At one time, professional coaching focused only on developing leadership at the individual and executive level. Over the last 20 years, we have begun to place value in shared leadership. Now, leadership coaching is being democratized. Leaders throughout an organizational hierarchy are able to access coaching techniques both individually and through group coaching programs. Many organizations not only have external coaches, but are developing their own internal coach teams.
From managing to leading change
In the last century, organizations relied on a singular, one-directional line of command to manage change. Ideas originated at the top and filtered down through the system. Processes revolved around predictability and order, efficiency of production, planning, organizing, budgeting, measuring and solving. Teams looked to one leader to provide answers.

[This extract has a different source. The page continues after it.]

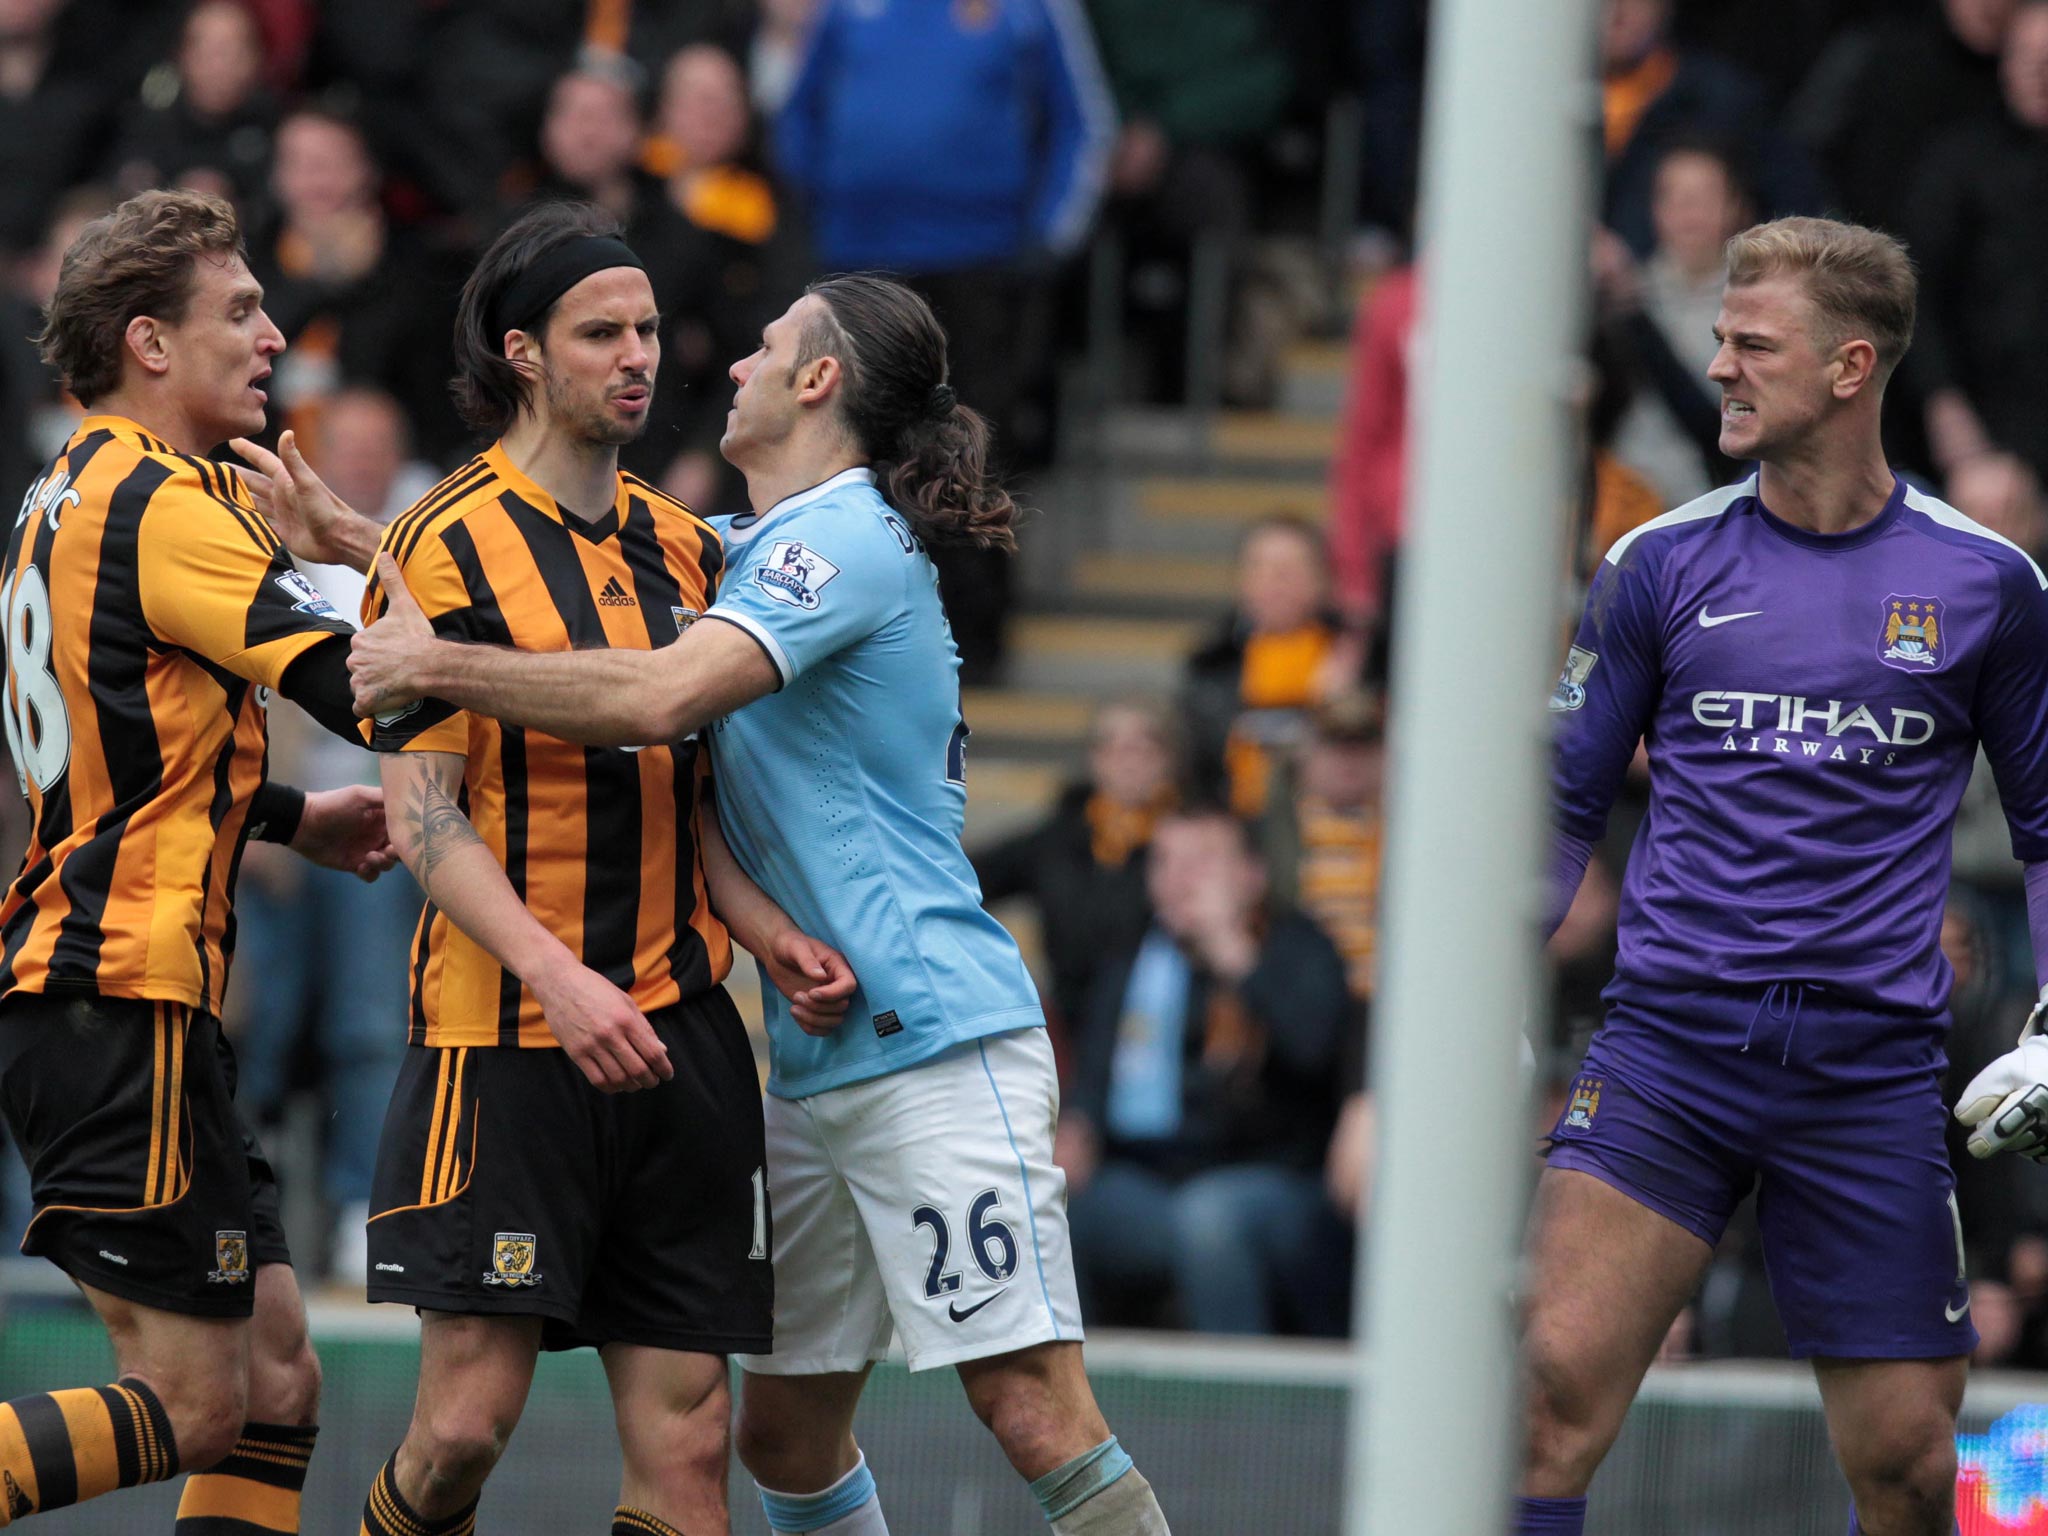 George Boyd has been banned for three matches by the FA for spitting at Manchester City goalkeeper Joe Hart

Flash forward to today’s organizational structure, and you’ll find it very different. Technology and global communications mean that a change in one location can have a ripple effect across the globe. Management consulting techniques which worked within a closed system are no longer effective on their own. Multiple strategies are required to address Volatile Uncertain Complex and Ambiguous (VUCA) challenges.
It is no longer possible for leaders to have in-depth knowledge of all of the nuances within a system, nor can they be everywhere at once.
Expectations about the way employees contribute have also shifted. Think about your own personal growth. Are you more likely to sustain a change when someone provides a list of exactly what you should be doing? Or do you prefer to take ownership in the process and adapt it to suit your needs?
We are recognizing that systems themselves are living, dynamic and ever-changing.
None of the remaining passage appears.